各デバイスはクラウドサービスとどのように情報をやり取りしているのか、どのような挙動をしているのかといった分析を通じてネットワーク全体の「正常な状態」を算出し、その規準から外れたデバイスが検知された際に警告を発するというのがシステムの大枠だ。

まずエンドポイントのポート、トラフィック、送信先IPからネットワークフロー上のプロフィールが作製され、これを基にエンドポイントの「ROLE(役割)」(たとえば、そのエンドポイントはプリンターなのか、ドメインコントローラーなのか、など)が判別される。

次にアルゴリズムがこれらのエンドポイントの情報を総合し、「GROUP(グループ)」分けし、ネットワーク状況の将来にわたる変化の「FORECAST(予測)」なども含めながらネットワークの「正常な状態」の「RULES(規準)」をダイナミックに構成する。つまりネットワークのありようが、種々のエンドポイントの組み合わせとしてモデル化されるのだ。

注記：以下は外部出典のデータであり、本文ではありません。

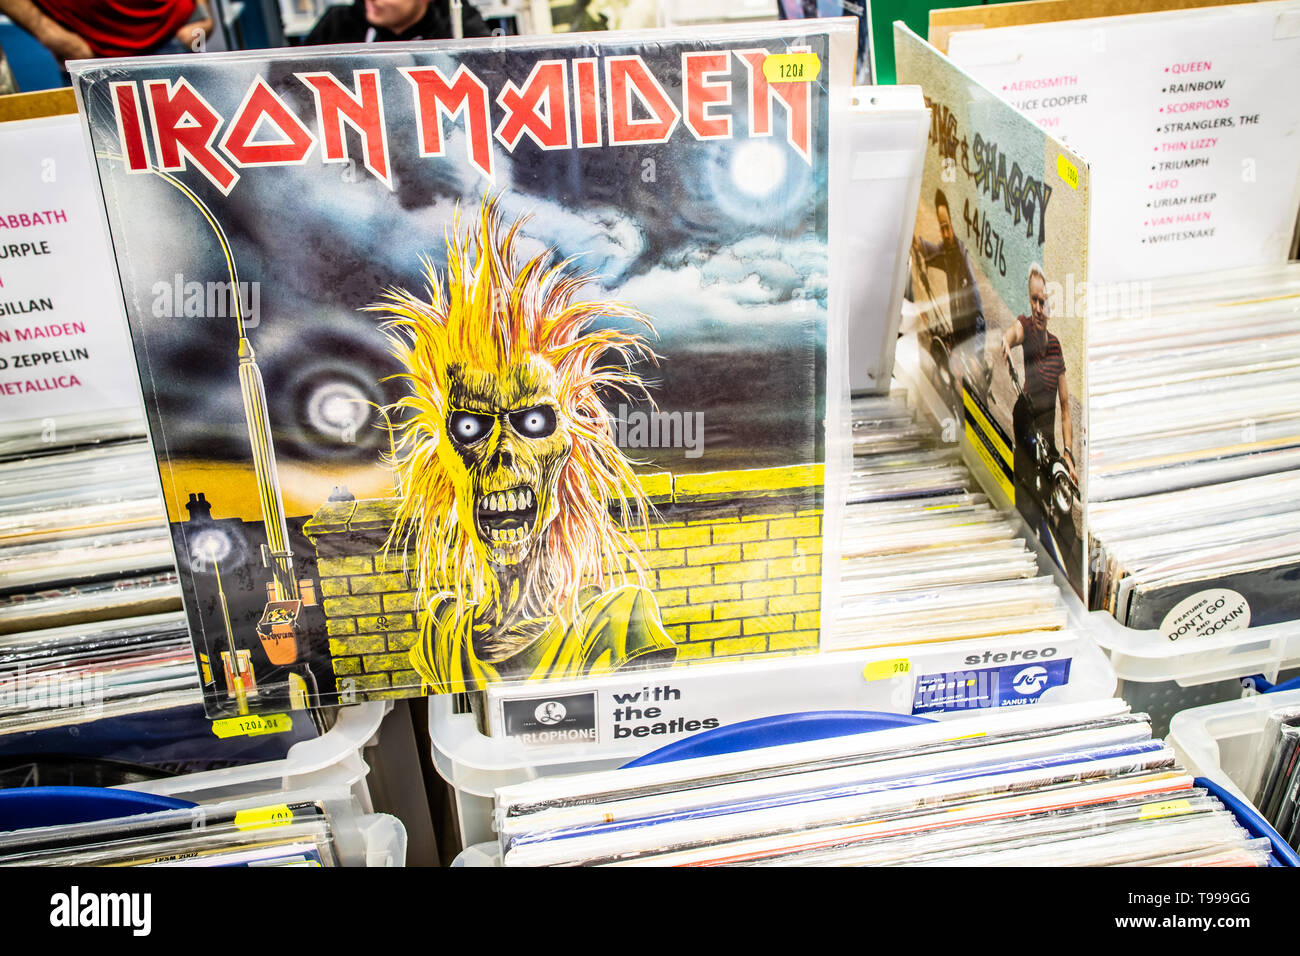 Nadarzyn, Polonia, 11 maggio 2019 Iron Maiden album in vinile sul display per la vendita, vinile, LP, Album rock, inglese heavy metal band, collezione di vinili Foto Stock

そしてシステムの状態の「CONSISTENCY(一貫性)」を乱す異常な挙動を行うエンドポイントが現れると、即座に警告が発せられる。このシステムによって、ネットワークへの侵入や悪意のあるソフトウェアの動作といった脅威を、より確実に、簡潔に、そして低コストに検知することが可能になるという。

ネットワーク監視システムの新しい地平へ

エンドポイントの組み合わせを基にネットワークをモデル化するという新しい発想で、より効率的でわかりやすい脅威検知を可能にしたObservable Networks社。彼らの技術は今後も、ネットワーク監視システムのさらなる発展を牽引してゆくことだろう。

会社概要

会社名 Observable Networks
CEO Bryan Doerr
創業 2011年
拠点 アメリカ
社員数 11-50人規模
事業内容 クラウドベースのネットワーク監視ソリューションの開発・販売
主な商品 Dynamic Endpoint Modeling
会社URL https://observable.net
沿革 2011年 創業
2013年 Patrick Crowley氏がチーフ・テクノロジー・オフィサーに、Bryan Doerr氏がCEOに就任。
2014年 継続的なデバイス・プロファイリング(Continuous Device Profiling)の技術を採用したクラウドベースのネットワークセキュリティサービスを公開。シリーズA1でVectis Healthcare & Life Science Fund, II,社DH Capital社から245万ドルの資金調達に成功。
2015年 ダイナミック・エンドポイント・モデリングについての白書を公表。現在のソリューションが公開される。

メンバー紹介

Bryan Doerr

Bryan Doerr
CEO
2013年からCEOに就任。ボルチモアのジョンズ・ホプキンス大学で電気工学の、セントルイスのワシントン大学で情報管理学の修士号を取得。25年以上にわたりIT業界でマネジメントやプロダクトデザインに従事してきた。

Patrick Crowley

Patrick Crowley
創業者、チーフ・テクノロジー・オフィサー
2013年にチーフ・テクノロジー・オフィサーのポストに就任。セントルイスのワシントン大学でのコンピュータサイエンス&エンジニアリングの博士号を取得した後、現在は同大学で教授職についている。ネットワーク上のパケットを精査する技術であるディープ・パケット・インスペクションの専門家であり、学問領域と産業領域の両面にわたって豊富な実績を持つ。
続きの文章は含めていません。